– О необыкновенных делах, которые творятся на пароходе? Могу сообщить вам самые последние новости.
«Сука, проклятая сука, – думала она, – будешь наслаждаться тем, что скажешь, будешь смаковать то, о чем она спросит тебя…» Клаудиа посмотрела на ее руки, и Паула быстро спрятала их; тихонько рассмеялась и снова положила руки на подлокотники кресла. Вот если бы у нее была мать, похожая на Клаудиу, но нет, она все равно возненавидела бы ее, как свою. Слишком поздно думать о матери, даже о подруге.
– Расскажите, – попросила Клаудиа. – Время пройдет незаметнее.
– О, ничего серьезного. Семейство Трехо в истерике потому, что у них исчез сын. Они, конечно, стараются не показать вида, но…
– Его не было в баре, теперь я вспоминаю.
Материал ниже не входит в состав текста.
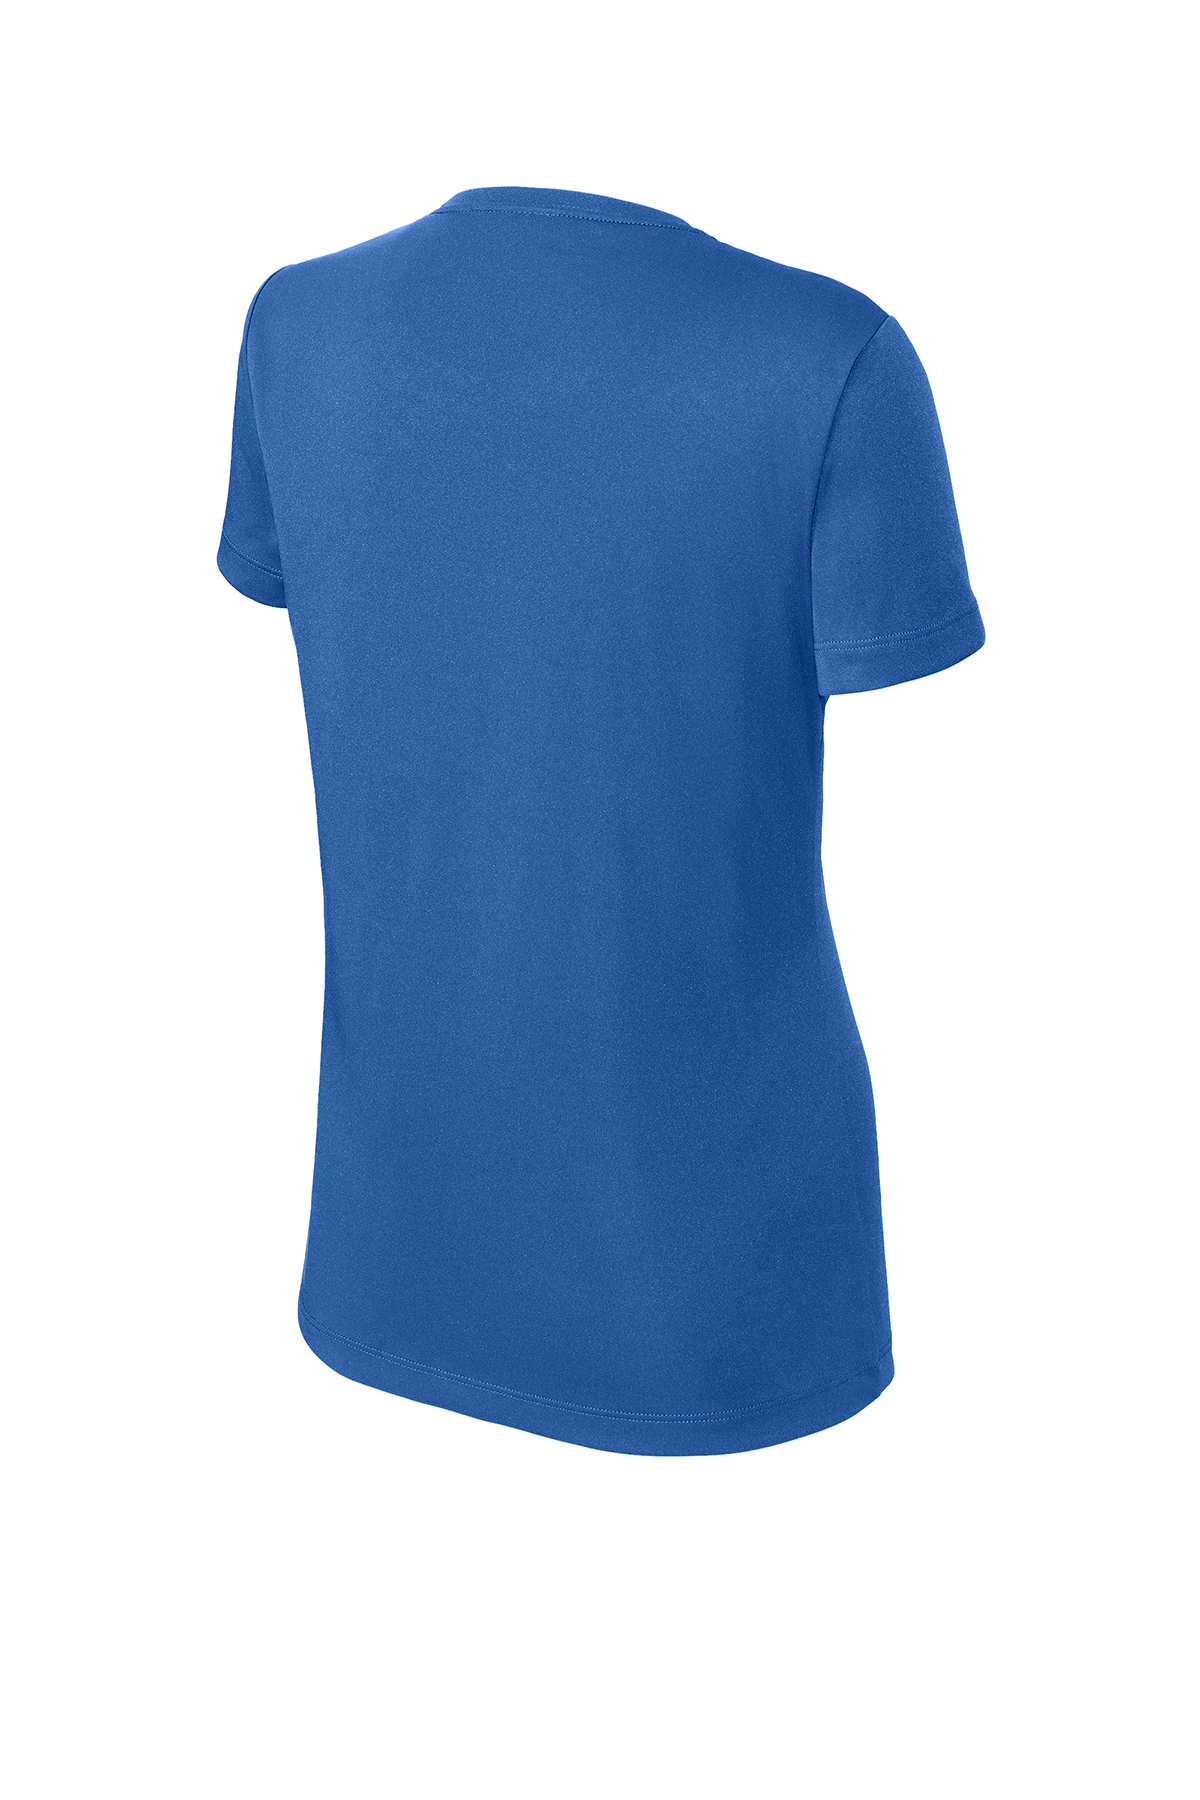 Sport-Tek Ladies PosiCharge Competitor™ Tee | Product | Company Casuals

Кажется, Пресутти ходил его разыскивать.
– Сначала Пресутти, а потом Рауль.
«Вот сука».
– Ну, его не придется долго разыскивать, – сказала равнодушно Клаудиа. – Мальчикам иногда такое взбредет в голову… Возможно, он решил провести ночь на палубе.
– Возможно, – сказала Паула. – Хорошо, что я не поддаюсь истерике, как они, и могу заметить, что Рауль тоже исчез неизвестно куда.
Клаудиа посмотрела на нее. Паула ждала ее взгляда и встретила его с непроницаемым, бесстрастным лицом. Кто-то ходил взад-вперед по коридору – в тишине раздавались приглушенные линолеумом шаги, которые то приближались, то удалялись. Медрано, Персио или Лопес, а может, Пресутти, искренне огорченный болезнью Хорхе.
Клаудиа опустила глаза, внезапно почувствовав себя усталой. Радость, охватившая ее при виде Паулы, вдруг прошла, сменилась желанием ничего больше не знать, не вникать ни в какие истории, которые ей расскажут, если она задаст вопрос или так промолчит, что все вдруг станет ясно. Паула закрыла глаза и казалась совершенно безразличной, но ее выдавали пальцы, быстро и бесшумно барабанившие по ручкам кресла.
– Только не подумайте, что это ревность, – сказала она как бы про себя. – Мне так их жалко.
– Уходите, Паула.
– О, конечно, сию минуту, – сказала Паула, резко вставая. – Простите. Я пришла совсем с другой целью, хотелось побыть с вами. Пришла из чистого эгоизма, потому что мне хорошо с вами. А взамен…
– А взамен ничего, – сказала Клаудиа. – Мы можем поговорить как-нибудь в другой раз. А сейчас ступайте спать. Не забудьте взять своп туфли.
Паула послушно направилась к двери. Она ни разу не обернулась.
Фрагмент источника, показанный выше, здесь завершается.